Work in Progress -- starting to add commentary and tidy up
I connected a BMP180 temperature and pressure centre to a raspberry pi and have it running in my study.
I have been using this note book to look at the data as it is generated.
The code uses the Adafruit python library to extract data from the sensor.
I find plotting the data is a good way to take an initial look at it.
So, time for some pandas and matplotlib.
In [35]:
# Tell matplotlib to plot in line
%matplotlib inline
# import pandas
import pandas
# seaborn magically adds a layer of goodness on top of Matplotlib
# mostly this is just changing matplotlib defaults, but it does also
# provide some higher level plotting methods.
import seaborn
# Tell seaborn to set things up
seaborn.set()
In [36]:
# just check where I am
!pwd
In [37]:
infile = '../files/light.csv'
In [38]:
!scp 192.168.0.133:Adafruit_Python_BMP/light.csv .
!mv light.csv ../files
In [39]:
data = pandas.read_csv(infile, index_col='date', parse_dates=['date'])
In [40]:
data.describe()
Out[40]:
In [41]:
# Lets look at the temperature data
data.temp.plot()
Out[41]:
Looks like we have some bad data here. For the first few days things look ok though To start, lets look at the good bit of the data.
In [42]:
data[:4500].plot(subplots=True)
Out[42]:
That looks good. So for the first 4500 samples the data looks clean.
The pressure and sealevel_pressure plots have the same shape.
The sealevel_pressure is just the pressure recording adjusted for altitude.
Actually, since I am not telling the software what my altitude it is
It is a bit of a mystery what is causing the bad data after this.
One possibility is I have a separate process that is talking to the sensor that I am running in a console just so I can see the current figures.
I am running this with a linux watch command. I used the default parameters and it is running every 2 seconds.
I am wondering if the sensor code, or the hardware itself has some bugs if the code polls the sensor whilst it is already being probed.
I am now (11am BDA time July 3rd) running the monitor script with watch -n 600 so it only polls every 10 minutes. Will see if that improves things.
So, lets see if we can filter out the bad data
In [43]:
data.temp.plot()
Out[43]:
In [44]:
# All the good temperature readings appear to be in the 25C - 32C range,
# so lets filter out the rest.
data.temp[(data.temp < 50.0) & (data.temp > 15.0)].plot()
Out[44]:
That looks good. You can see 8 days of temperatures rising through the day and then falling at night.

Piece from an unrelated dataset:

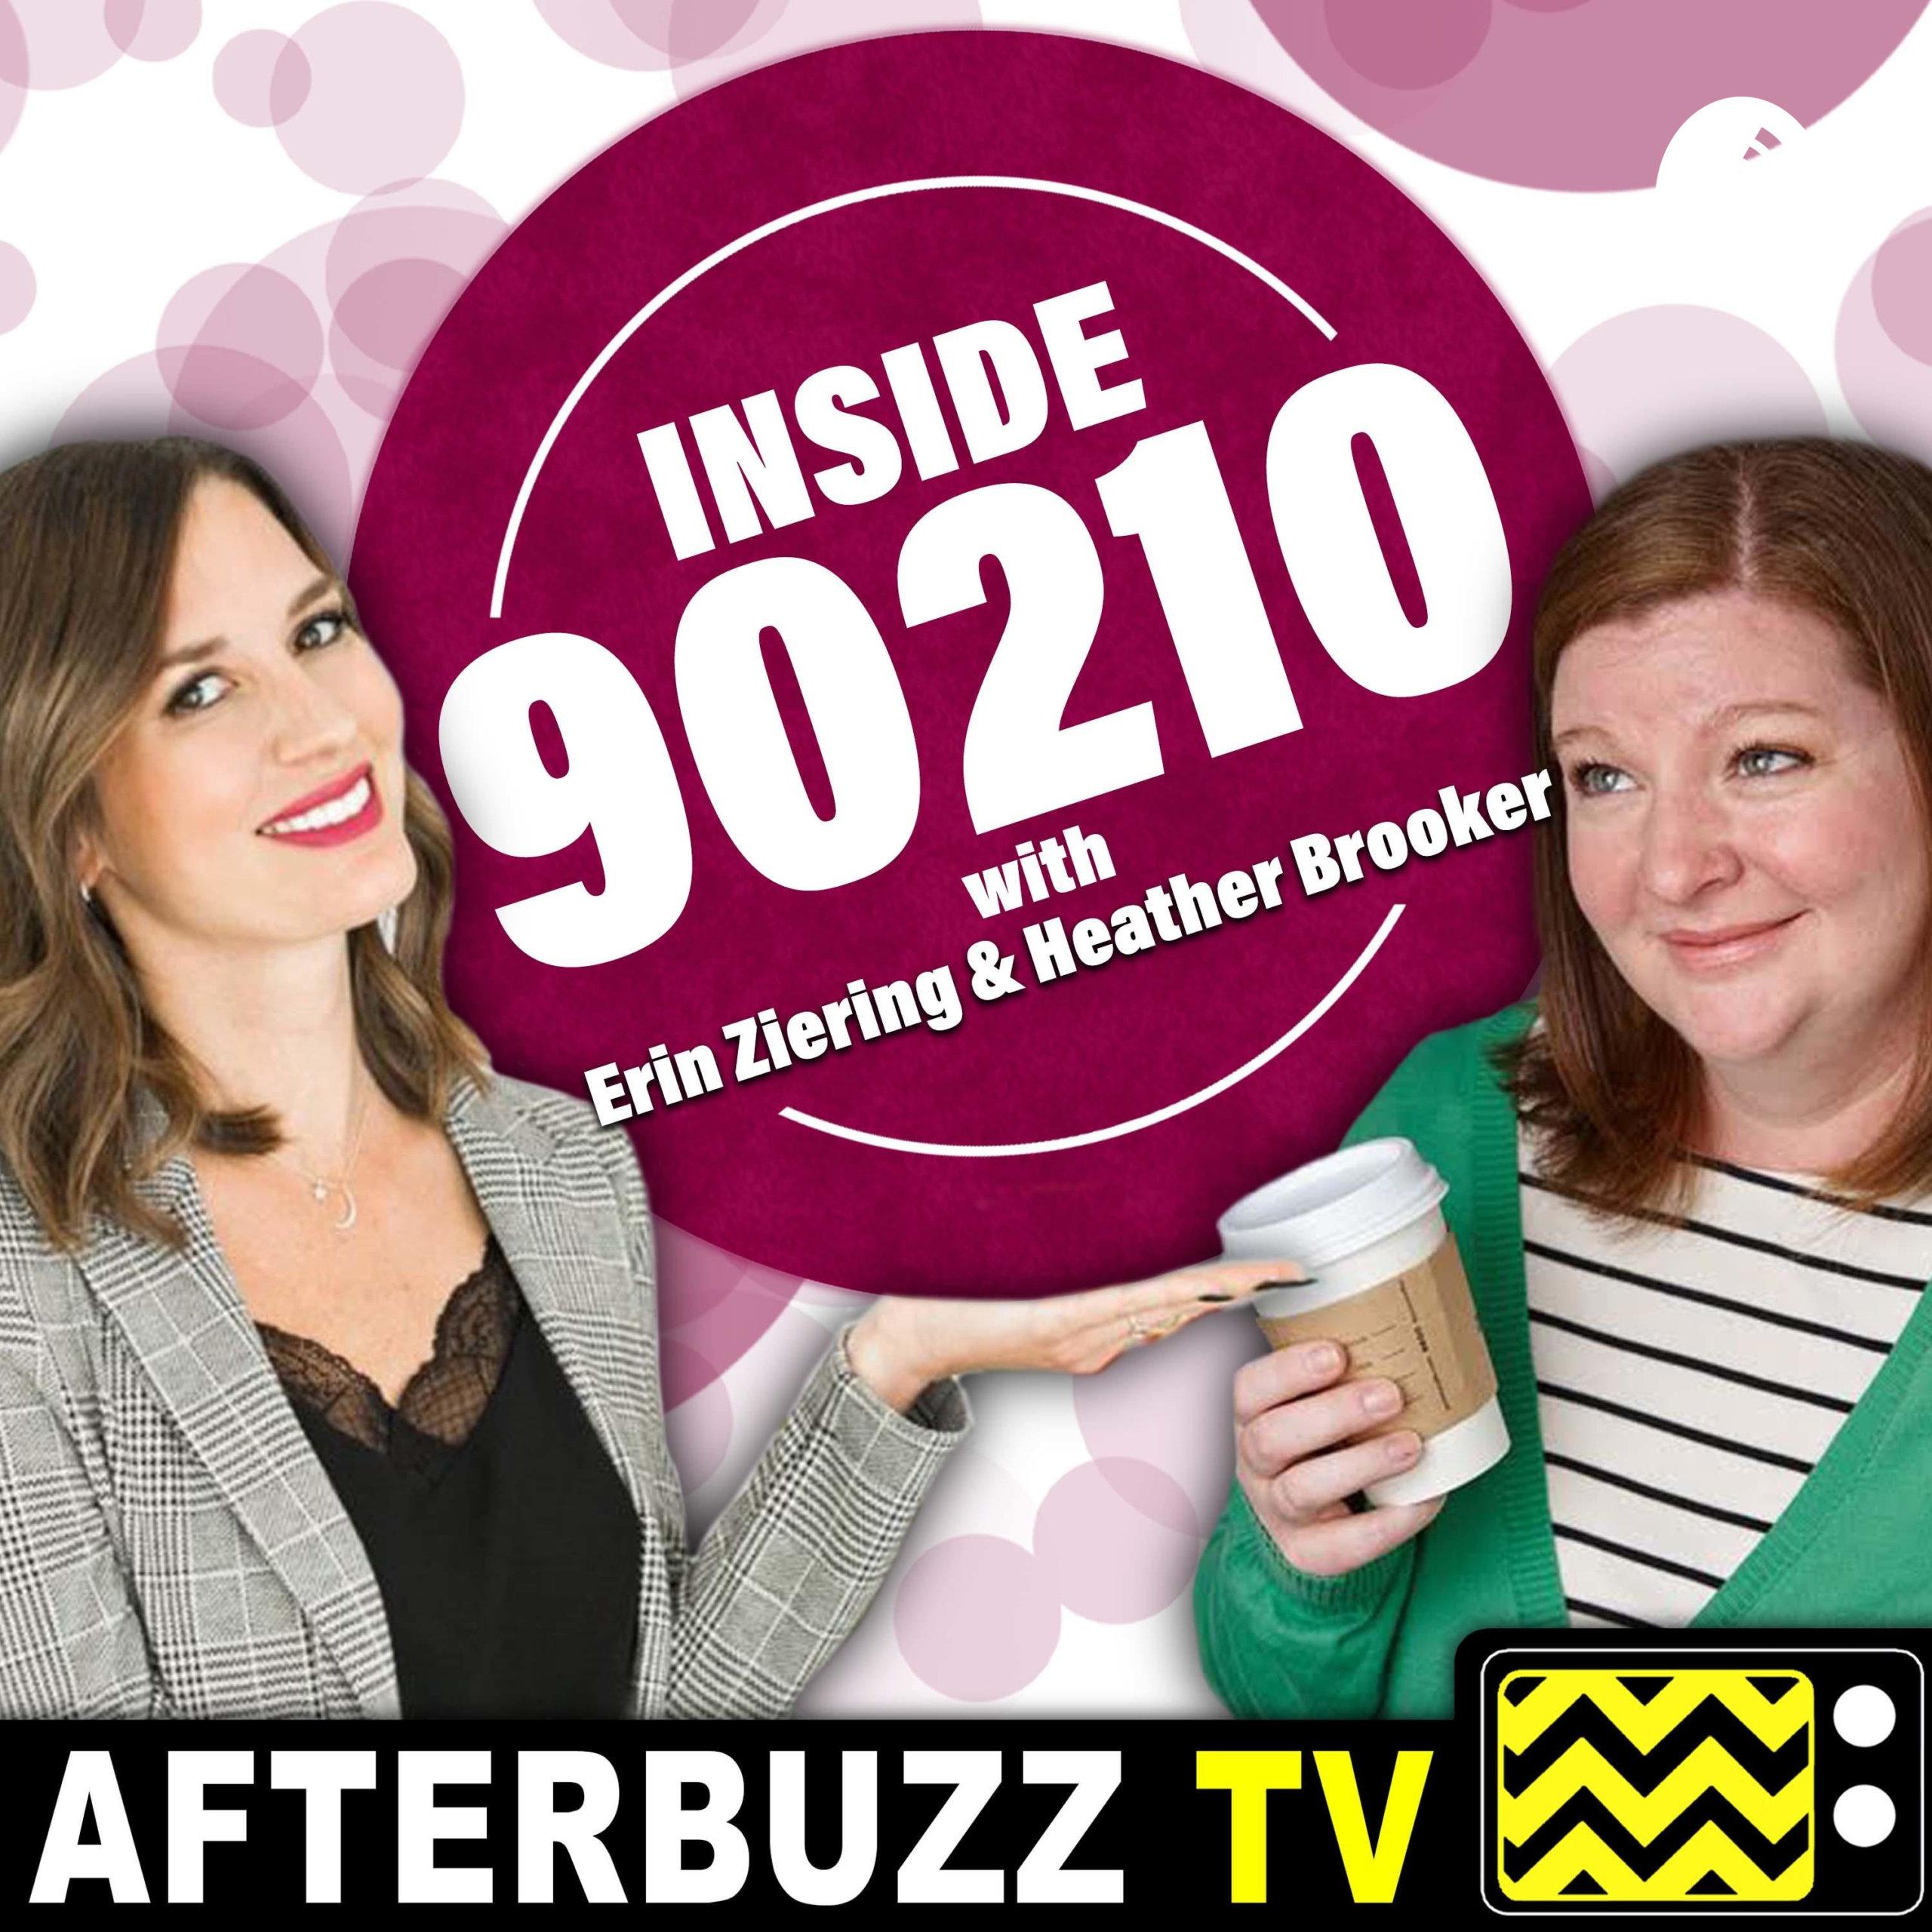 Inside 90210 with Erin Ziering & Heather Brooker

Only a couple of degree difference here in Bermuda at present.
The Third day with the dip in temperature I believe there was a thunderstorm or two which cooled things off temporarily.
I really need to get a humidity sensor working to go with this.
Now lets see if we can spot the outliers and filter them out.
In [45]:
def spot_outliers(series):
""" Compares the change in value in consecutive samples to the standard deviation
If the change is bigger than that, assume it is an outlier.
Note, that there will be two bad deltas, since the sample after the
bad one will be bad too.
"""
delta = series - series.shift()
return delta.abs() > data.std()
outliers = spot_outliers(data)
In [46]:
# Plot temperature
data[~outliers].temp.plot()
Out[46]:
In [47]:
data[~outliers].altitude.plot()
Out[47]:
In [48]:
data[~outliers].plot(subplots=True)
Out[48]:
In [49]:
data[~outliers].sealevel_pressure.plot()
Out[49]:
In [50]:
def smooth(data, thresh=None):
means = data.mean()
if thresh is None:
sds = data.std()
else:
sds = thresh
delta = data - data.shift()
good = delta[abs(delta) < sds]
print(good.describe())
return delta.where(good, 0.0)
In [51]:
smooth(data).temp.cumsum().plot()
Out[51]:
In [52]:
smooth(data).describe()
Out[52]:
In [53]:
start = data[['temp', 'altitude']].irow(0)
(smooth(data, 5.0).cumsum()[['temp', 'altitude']] + start).plot(subplots=True)
Out[53]:
Bingo! we have clean plots. Of course the irony is that I also seem to have found the problem with the bad data I was getting: don't have two processes querying these sensors at the same time, at least not with the current software. So the recent data no longer needs this smoothing.
So the daily rise and fall of temperature is pretty clear. There is only 2C spread most days.
The pressure plot is more interesting. Over the last week or so it has been generally high, but there is an interesting wave feature.
The other day I was at the Bermduda Weather service and mentioned this to Ian Currie, who immediately pointed out that air pressure is tidal.
So, my next plan is to dig out scikit-learn and some lunar data, maybe using astropy and see if we can fit a model to the pressure data for the tidal component.